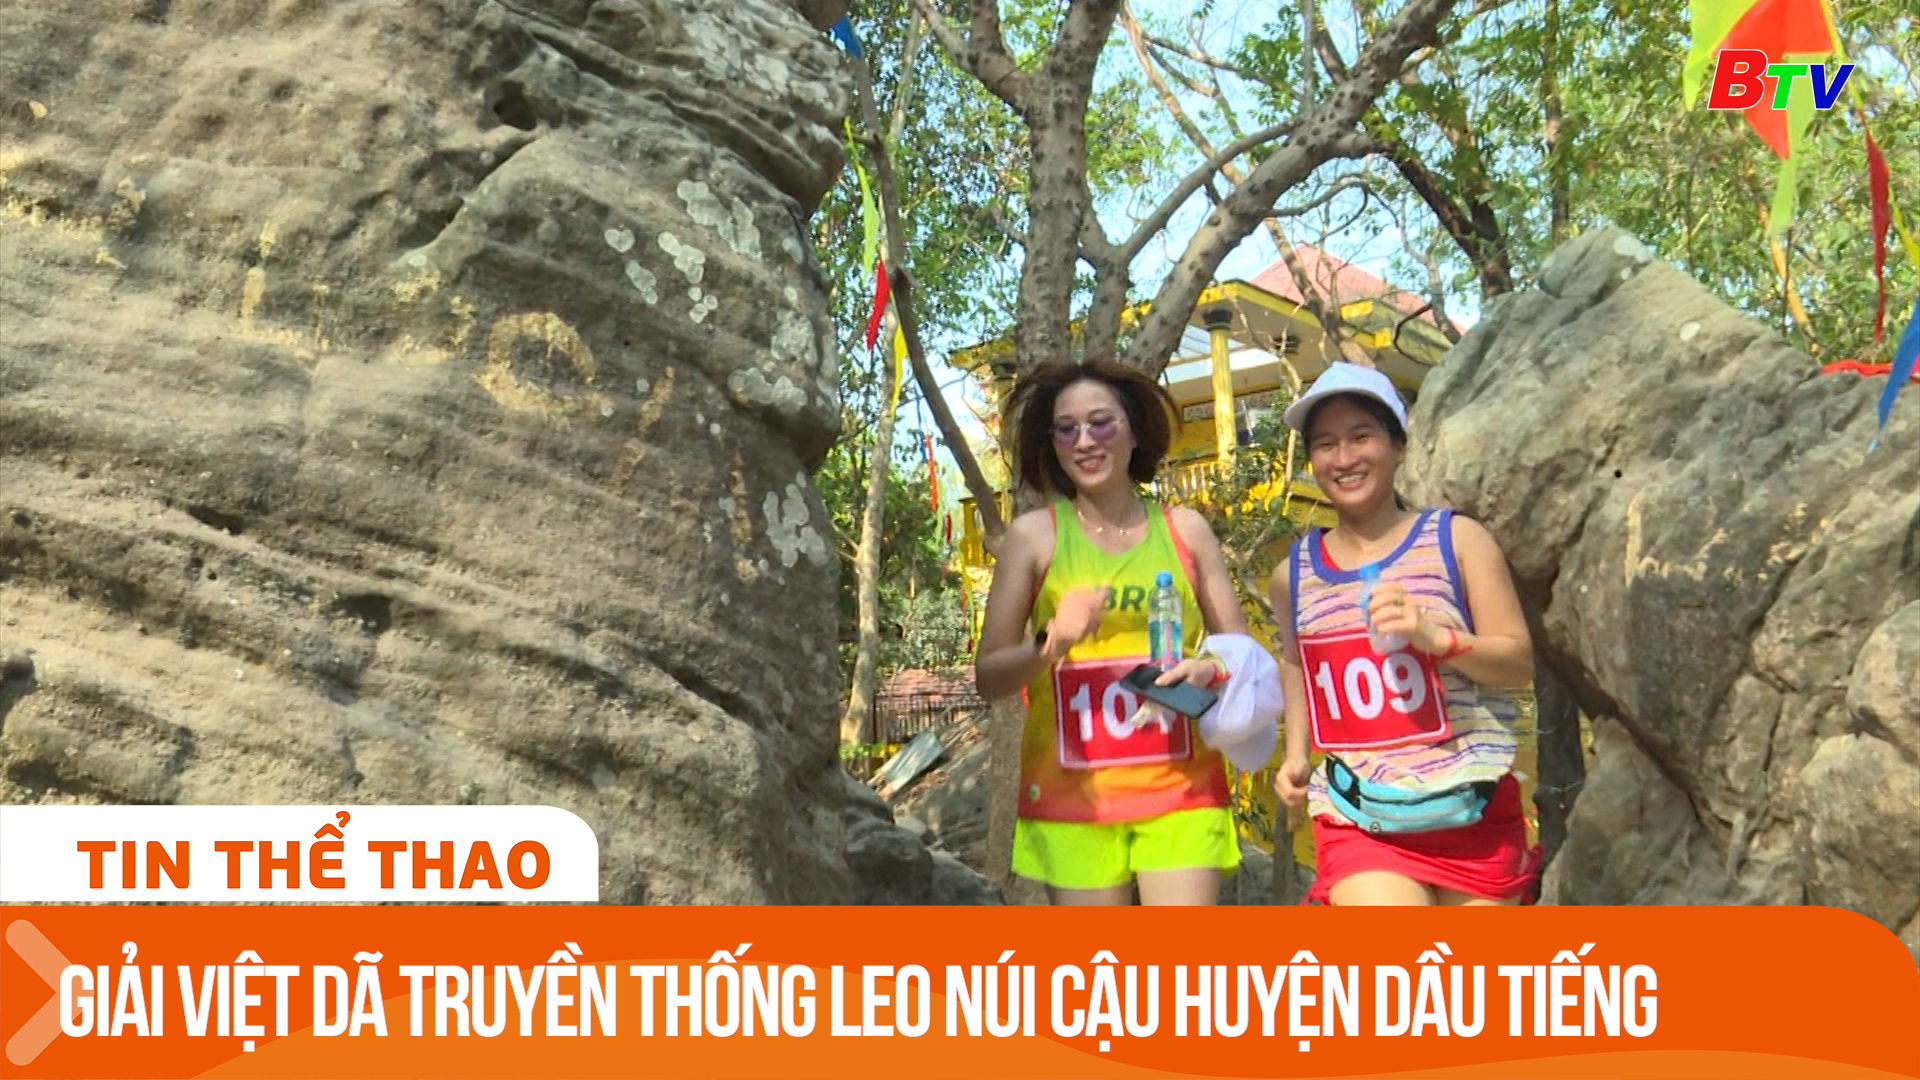 Giải việt dã truyền thống leo Núi Cậu huyện Dầu Tiếng | Tin Thể thao 24h	
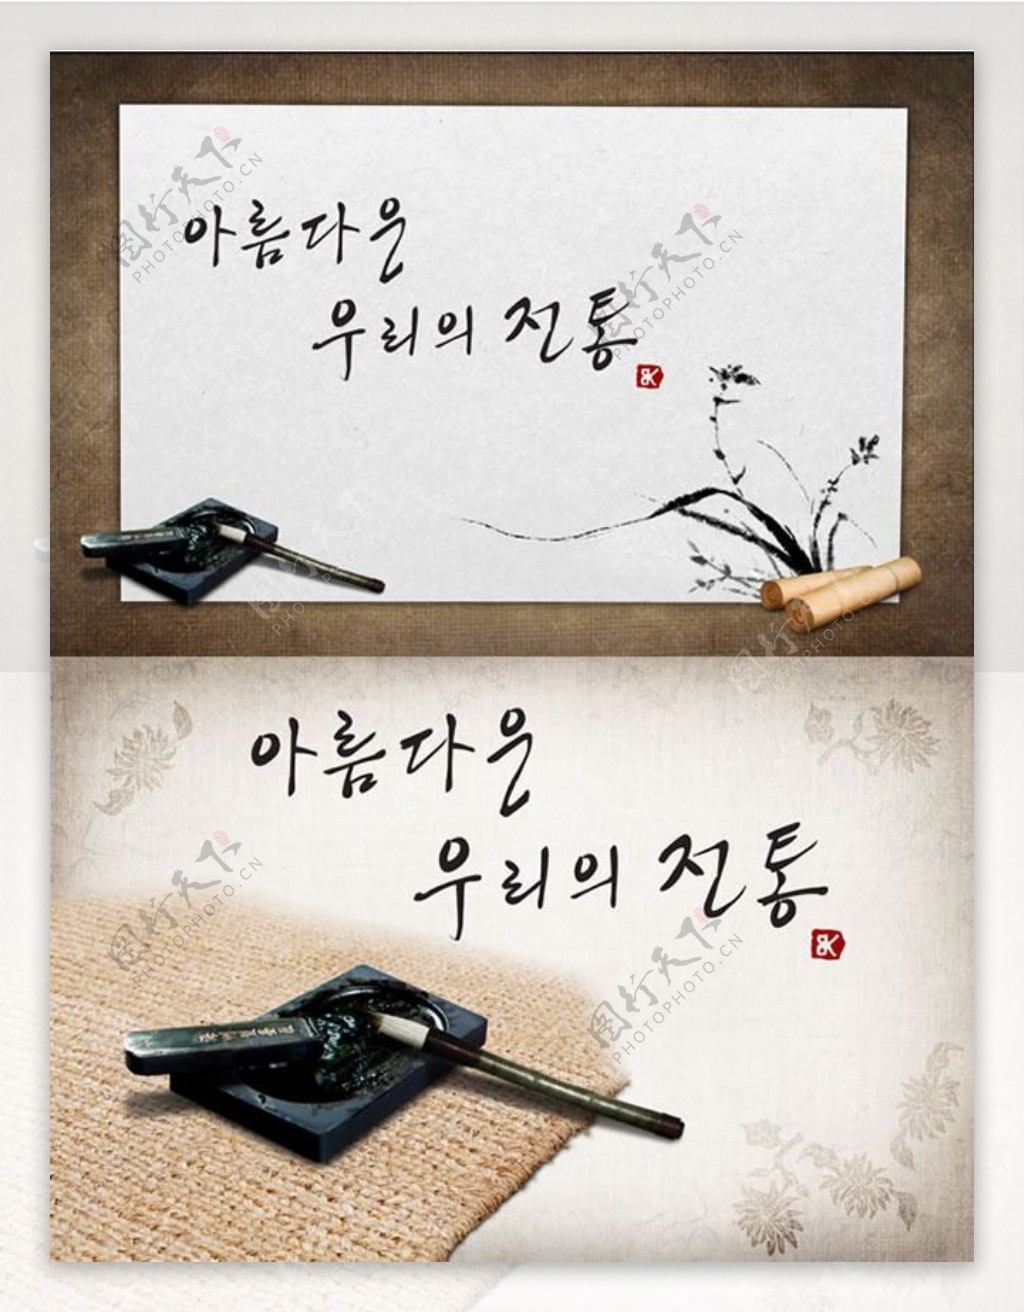 笔墨纸砚韩国传统文化psd素材
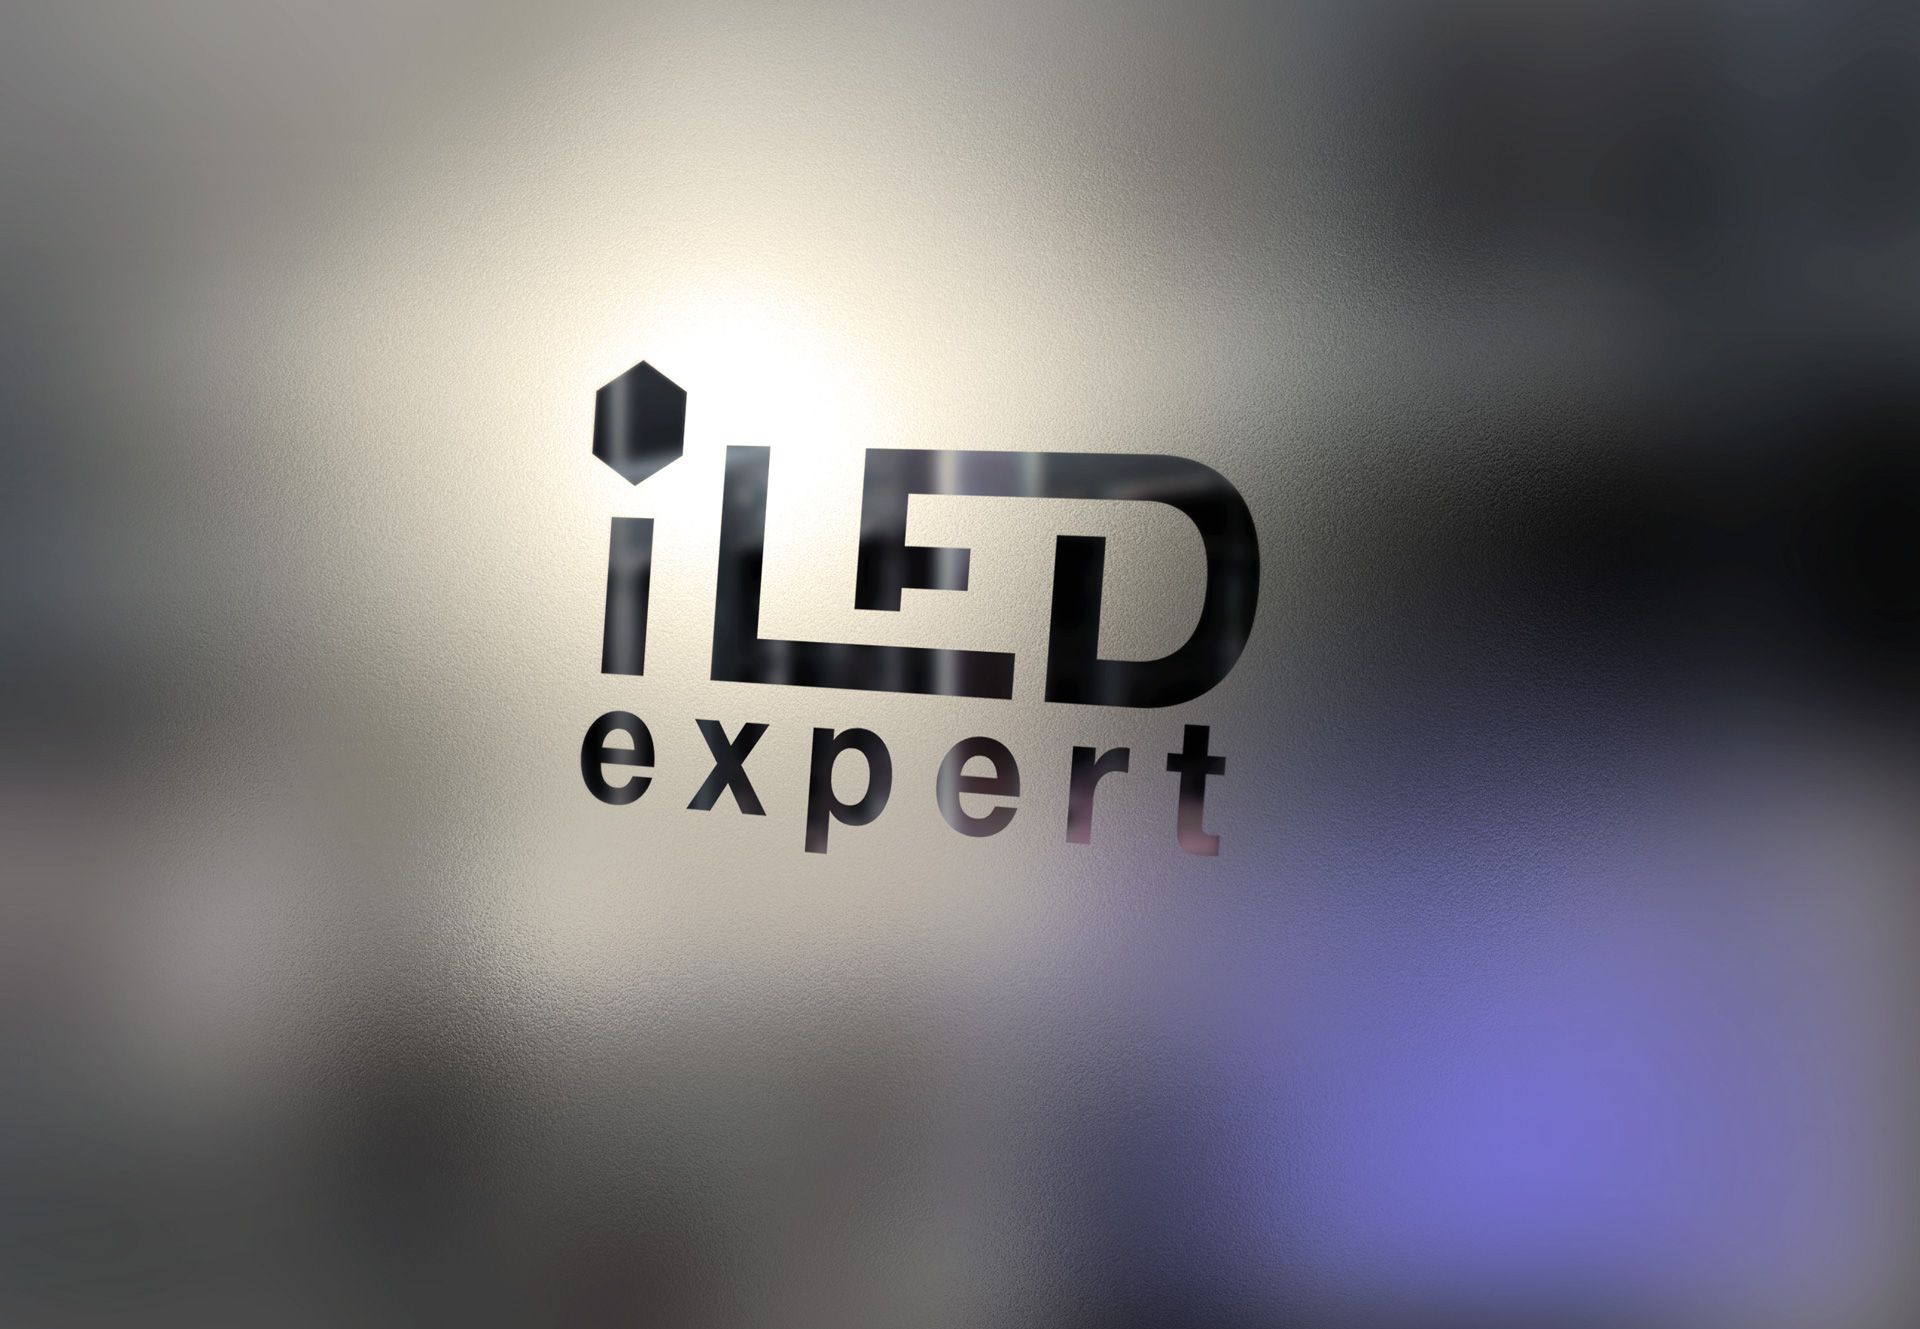 Логотип и фирменный стиль для iLed Expert - дизайнер Advokat72

--- TASK REQUIREMENTS ---
Output, word for word, the full listing above, with no pictures.

--- TASK ANSWER ---
 Giải việt dã truyền thống leo Núi Cậu huyện Dầu Tiếng | Tin Thể thao 24h	
 笔墨纸砚韩国传统文化psd素材
 Логотип и фирменный стиль для iLed Expert - дизайнер Advokat72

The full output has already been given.